Overstock.com and RichRelevance Offer $1 Million Prize to Speed Innovation in Retail Personalization
RecLab Prize on Overstock.com challenges researchers to advance the state of the art in product recommendations with new privacy-secure cloud environment
San Francisco – May 12, 2011 – Overstock.com (short cut: O.co) and RichRelevance® today unveiled the RecLab Prize on Overstock.com. The Prize provides a cash award totaling up to $1 million to the researcher or research team who can achieve a measurable lift over existing product recommendations in a wide variety of shopping contexts on Overstock.com. The RecLab Prize rewards the highest performing individual or team based on the results they are able to deliver within a defined judging period (up to $1 million for a 10% or greater lift). Complete details about eligibility for registering and competing for the Prize are available at http://overstockreclabprize.com/
RecLab Prize contestants gain immediate access to a high-quality and comprehensive synthetic dataset via RichRelevance’s open-source RecLab project, a highly scalable platform for research code. The RecLab approach enables researchers to develop their algorithms against synthetic data and then test against real data. Top performing algorithms will be exposed to real data and will run live within the RichRelevance cloud environment (as real product recommendations to Overstock.com’s customers). This groundbreaking approach enables researchers to solve a real-world problem with real-world constraints, while never exposing data to an outside system, thereby preserving data security and eliminating privacy concerns.
“We are excited to support the academic research community, bringing state-of-the-art analytics to our business through our partners at RichRelevance,” said Overstock.com CEO Patrick Byrne. “This is a phenomenal opportunity to benefit our customers, who will get early, exclusive access to the most advanced recommendations possible through the participation of top educational and research institutions worldwide.”

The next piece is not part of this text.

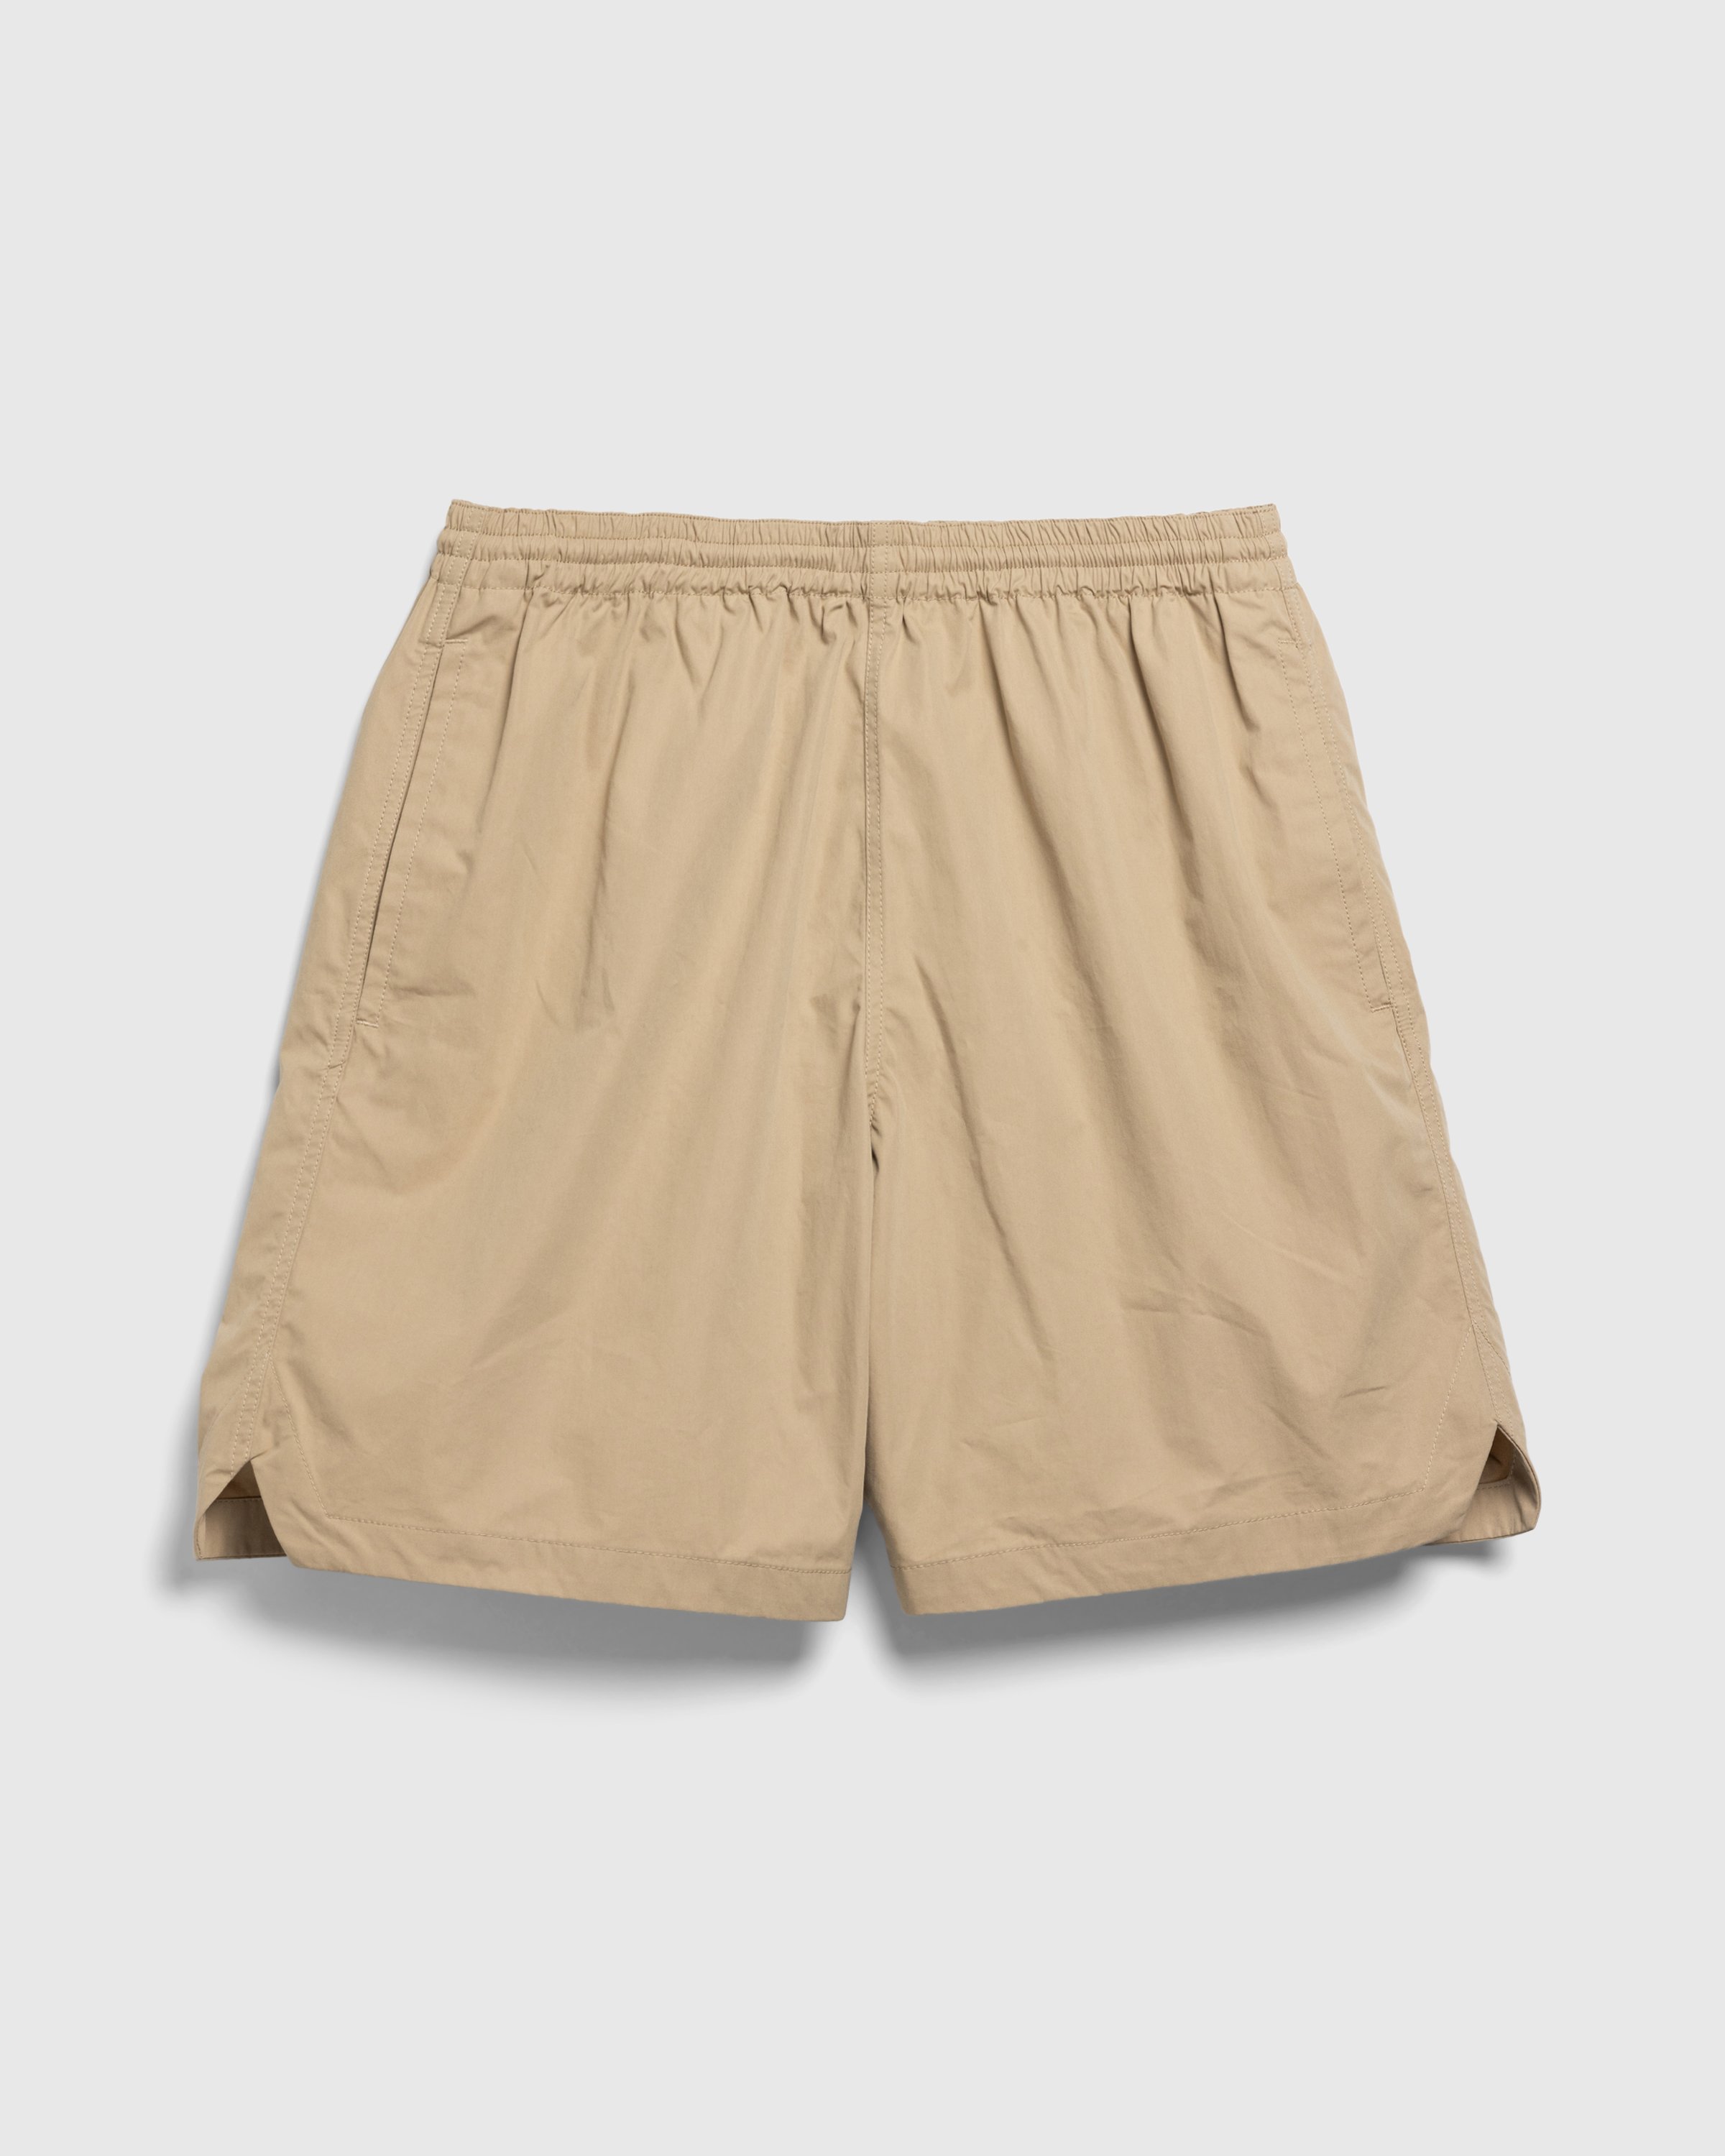 Highsnobiety HS05 - Weather Cloth Nylon Shorts - Clothing - Beige - Image 1
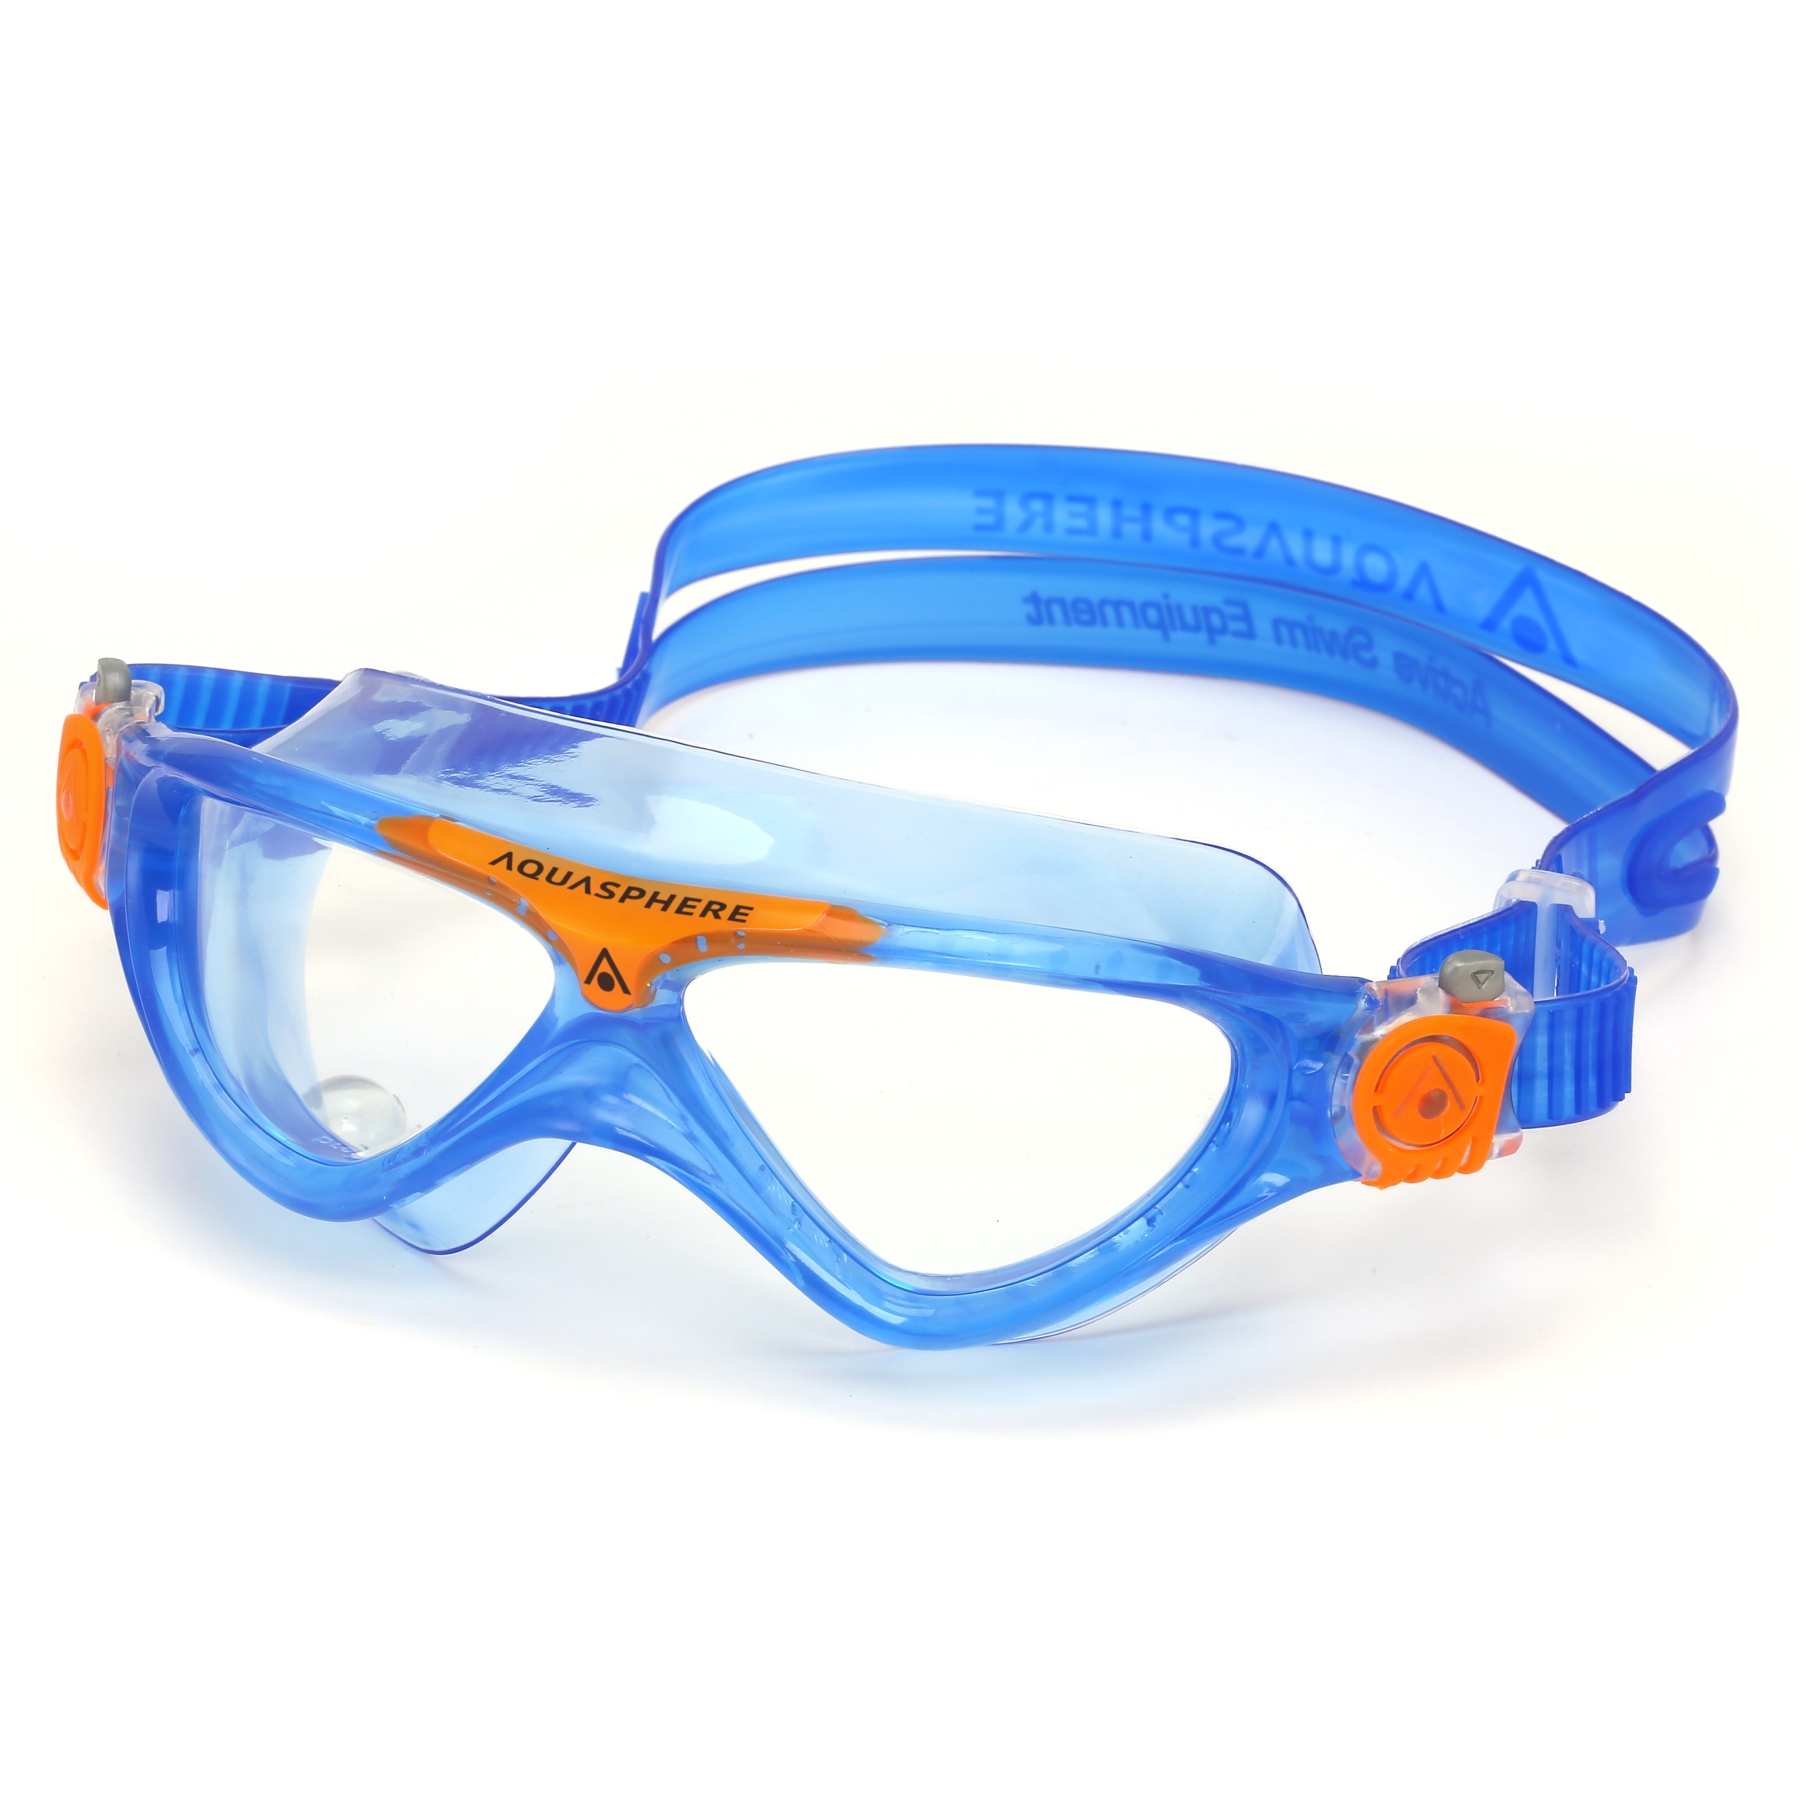 AQUASPHERE Gafas Natación Niños - Transparente - Vista Junior - Azul/Naranja

Online product recommendations are among the shopping tools most widely used by consumers who need to easily find relevant and enticing products from the millions available online. Overstock.com has worked with RichRelevance since 2009 to present shoppers with dynamic recommendations that grow smarter over time and accurately reflect more than 60 different ways that people shop on the site (by price, by brand, by category). Now Overstock.com is partnering with RichRelevance to open up this real-world business challenge to researchers. The RecLab Prize on Overstock.com breaks rank with previous prizes to present researchers with a complex, multi-dimensional problem facing retailers – not to simply predict how a consumer will rate a product but to effectively pinpoint the most appropriate product array to show shoppers at any point in the research and purchase process. The Prize demands that researchers craft approaches that quickly identify and adapt to contextual clues and maximize every available piece of data.
“The Netflix Prize did a great job of mobilizing the research community around a new and interesting problem. The RecLab Prize on Overstock.com takes the next step by offering researchers the chance to solve a multi-dimensional, real-world problem and see how their best algorithms perform when put in front of live shoppers,” said Darren Vengroff, RichRelevance Chief Scientist and RecLab creator. “The academic community has been clamoring for access to live real-world data and live user interaction to drive their research, and we are giving them more and better access than ever before using a unique approach that absolutely preserves the privacy of shoppers.”
A board of judges, including senior engineers at RichRelevance, Overstock.com, and well-known members of the machine learning community will determine the prize winners. In order to win the $1 million prize, a researcher or team must deliver at least a 10% lift over existing product recommendations on Overstock.com. If no one in the round hits this mark, then the judges will award a pro-rated prize to the team who achieves the highest lift as a percentage of the lift they achieve. For example, if the winning team achieves an 8% lift, it will receive $800,000.
In addition, should the winning team be affiliated with an educational institution, RichRelevance and Overstock.com will grant a separately funded Institution Prize valued at 25% of the winning prize to the educational institution. The RecLab Prize is also open globally to non-commercial teams.